Don Mattingly has been here before, helping revitalize a talented but struggling franchise. When he managed the Los Angeles Dodgers in 2013 and ’14, they were 9 1/2 and 10 games, respectively, out of first place in June. They went on to win the National League West Division title both seasons. Déjà vu, anyone?
With aspirations of advancing to the World Series for the first time since 2022, the Philadelphia Phillies sputtered out of the gate this season with a dismal 9-19 record, and Manager Rob Thomson was fired April 28.
Enter Mattingly. Hired prior to the 2026 season as the Phillies’ bench coach, the 1979 Reitz Memorial High School graduate was named interim manager the same day Thomson was let go. Mattingly already had entered the season in a unique situation by working for his son, Preston, who serves as the club’s general manager. They are believed to be the first father-son manager-general manager combination in Major League Baseball history.
Don may be Preston’s father, but he is well aware Preston is his boss. “It is different for me and would be different for anybody,” Don, who spent the past three seasons as the Toronto Blue Jays’ bench coach, told Evansville Living in January. “The way the game has changed has made it easier. Ten or 15 years ago, it wouldn’t have happened.”

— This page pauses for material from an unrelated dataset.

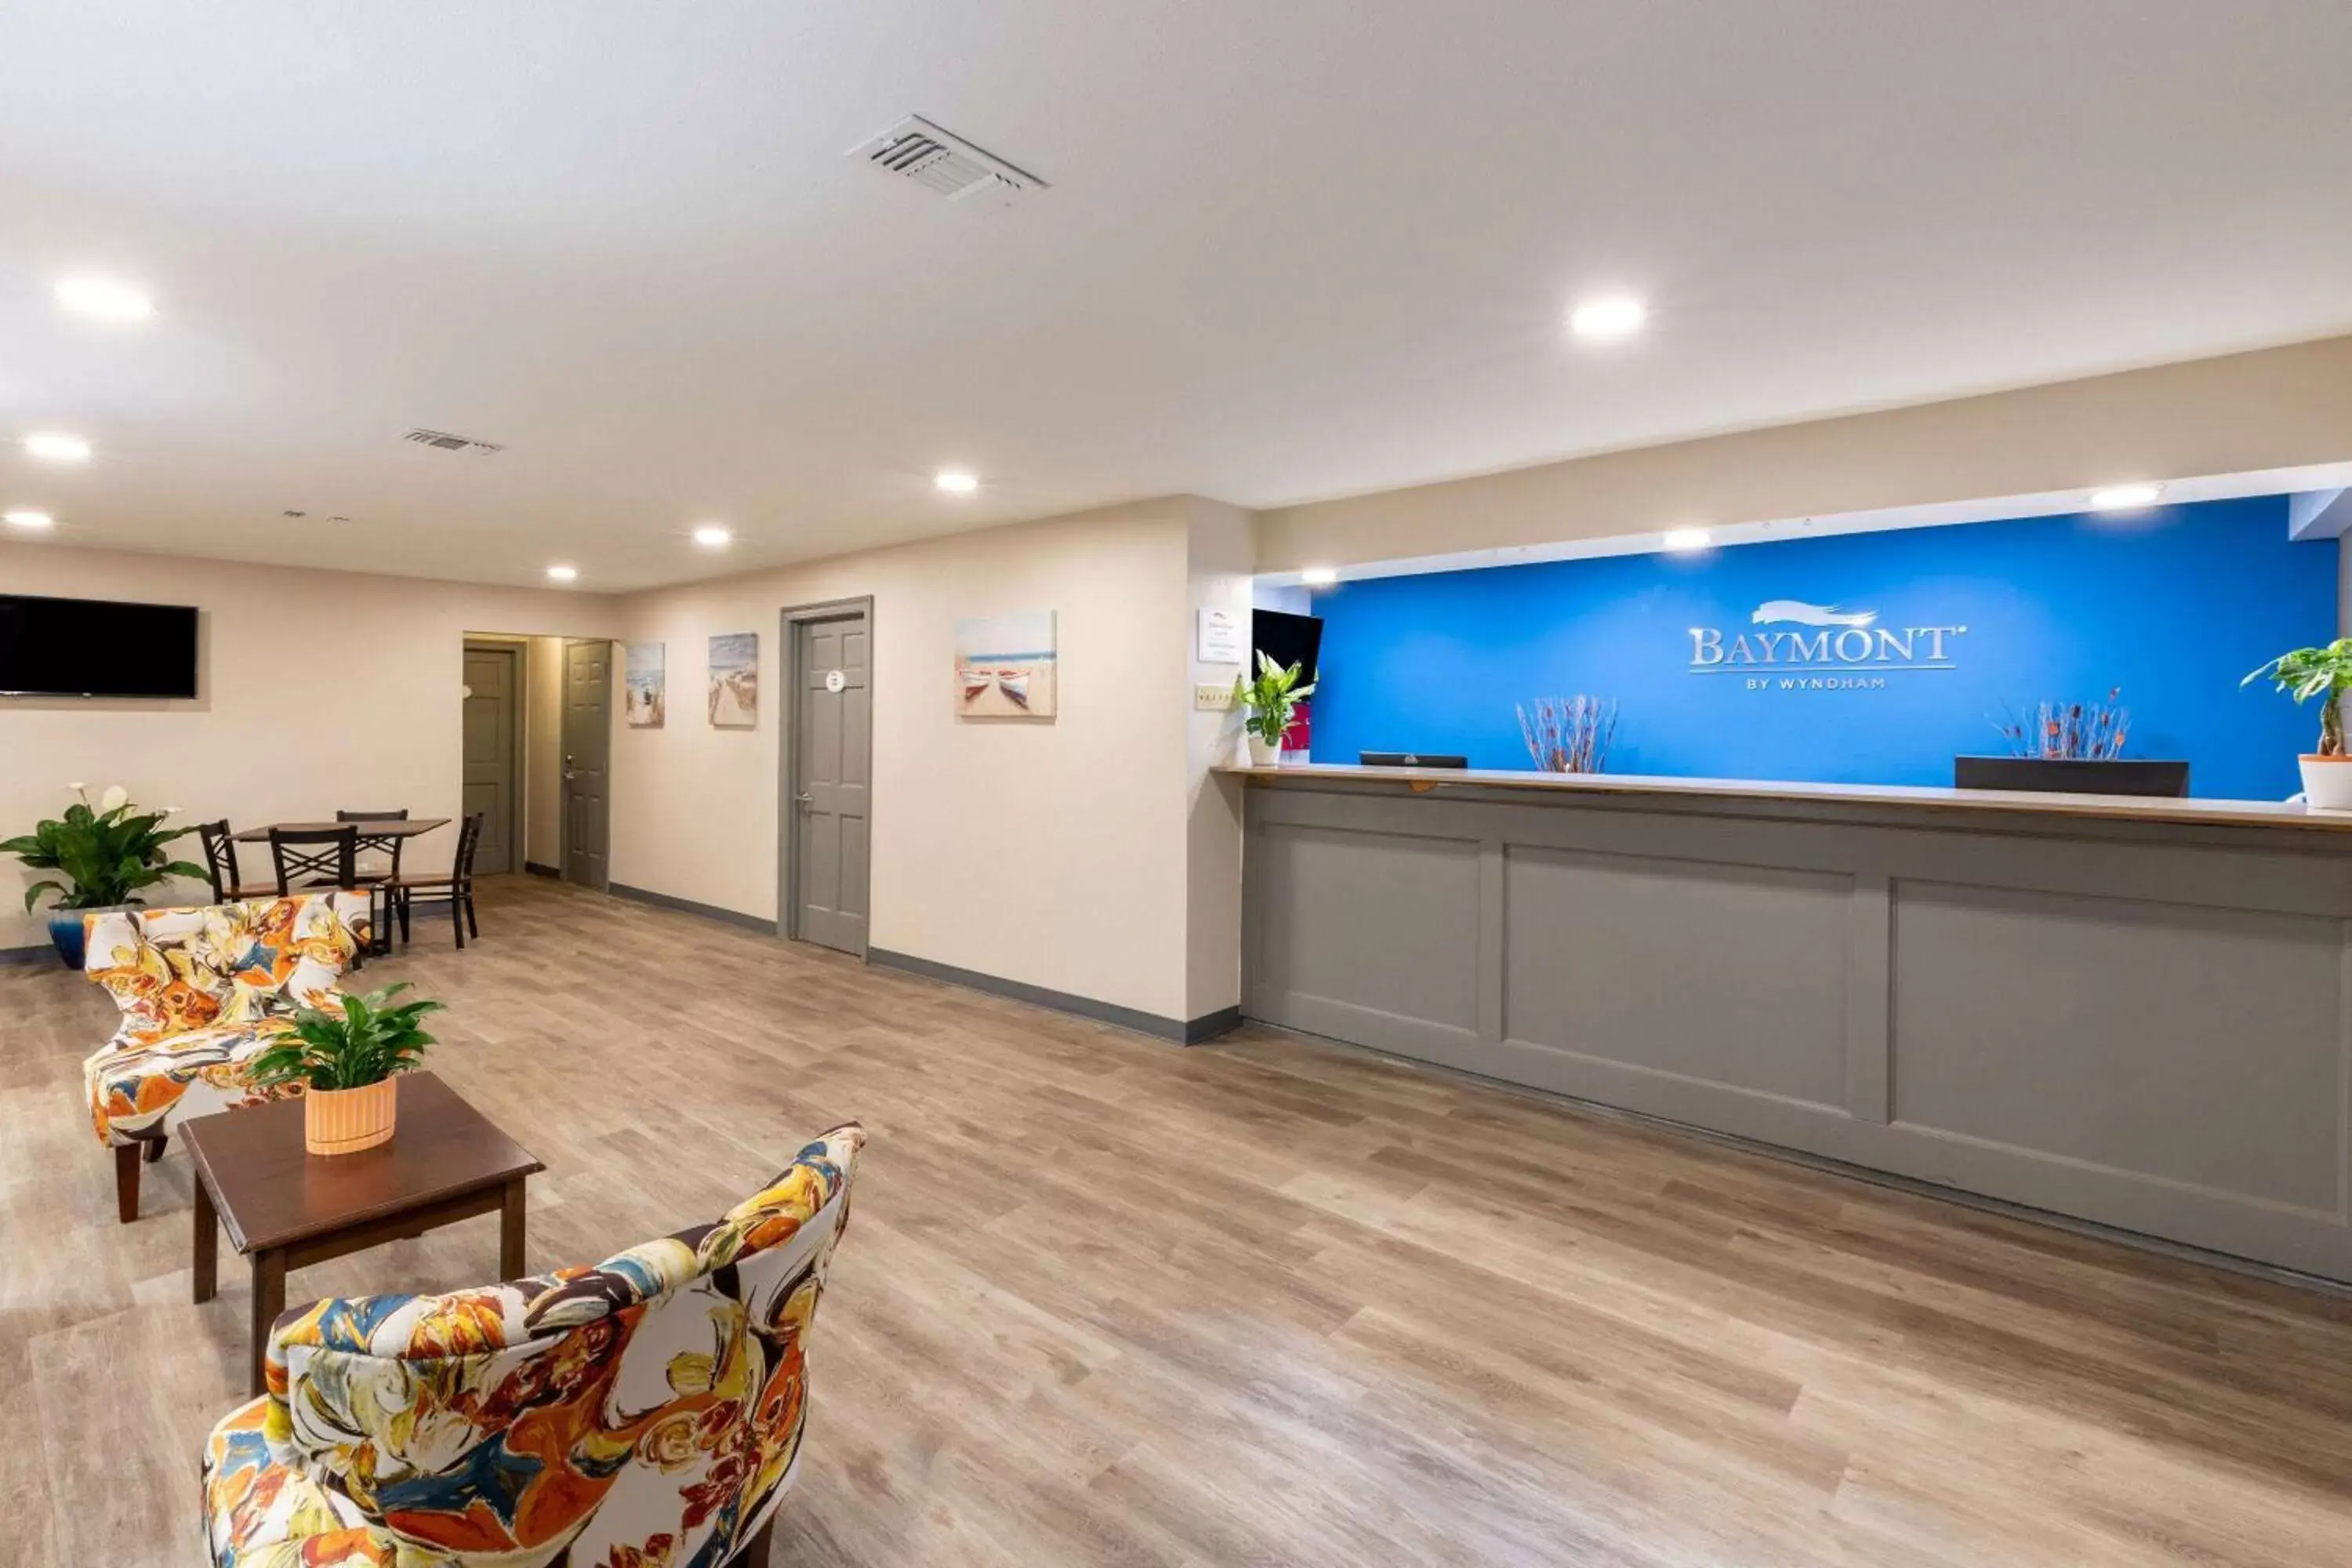 Lobby or reception, Lobby/Reception in Baymont by Wyndham Biloxi - Ocean Springs

“When you peel back the layers for myself and Dad and the Phillies organization, we share a big goal, which is the World Series,” Preston said in a January interview. “I think it’s a great fit.”
But, the Phillies’ dream of another promising run went up in smoke, at least at the start of the season. When Thomson — who Don knew from when they were members of Joe Torre’s Yankees coaching staff — was dismissed in April, the Phillies trailed the first-place Atlanta Braves by 10 1/2 games in the NL East. According to Baseball Reference’s Kenny Jackelen, Don is the MLB’s lone manager to bring his team from 9 1/2 games out or worse to finish first two years in succession.
Elevating Don may have seemed an unusual choice, at least on the surface: After more than four decades in professional baseball, he had remarked that he didn’t have the energy to manage again. He turned 65 on April 20 but has the full confidence of Phillies President of Baseball Operations Dave Dombrowski, who in January Don called “an outstanding baseball guy.” In turn, he had a simple explanation for changing his mind about managing: because Dombrowski asked. Don will serve as the Phillies’ interim manager through the 2026 season.
He says major league front offices have become much more hands-on in day-to-day operations in recent years, creating a comfort zone that wasn’t there before. “I always felt the guys could trust me,” Don says. Preston agrees that Phillies players don’t have to worry about their now-interim manager running upstairs to the front office with clubhouse information, even if the general manager is his own son. “Normally, the front office goes hands-on,” Preston says. “I’m not that concerned.”
Both Mattinglys are in Philadelphia for one reason. “Players are here to win,” Don told reporters April 28 after getting promoted. “Preston’s here to win. Dave’s here to win. I’m sure ownership is here to win, and the fans want to win. It all comes back to what? Better baseball.”
Despite Don’s knack for turning teams around, it won’t be easy. The Phillies’ disastrous start marked their worst 28-game opening since 2002. Dombrowski courted former Boston Red Sox Manager Alex Cora about the possibility of succeeding Thomson, but Cora — barely a day after being cut loose by Boston — declined. Dombrowski then turned to Don.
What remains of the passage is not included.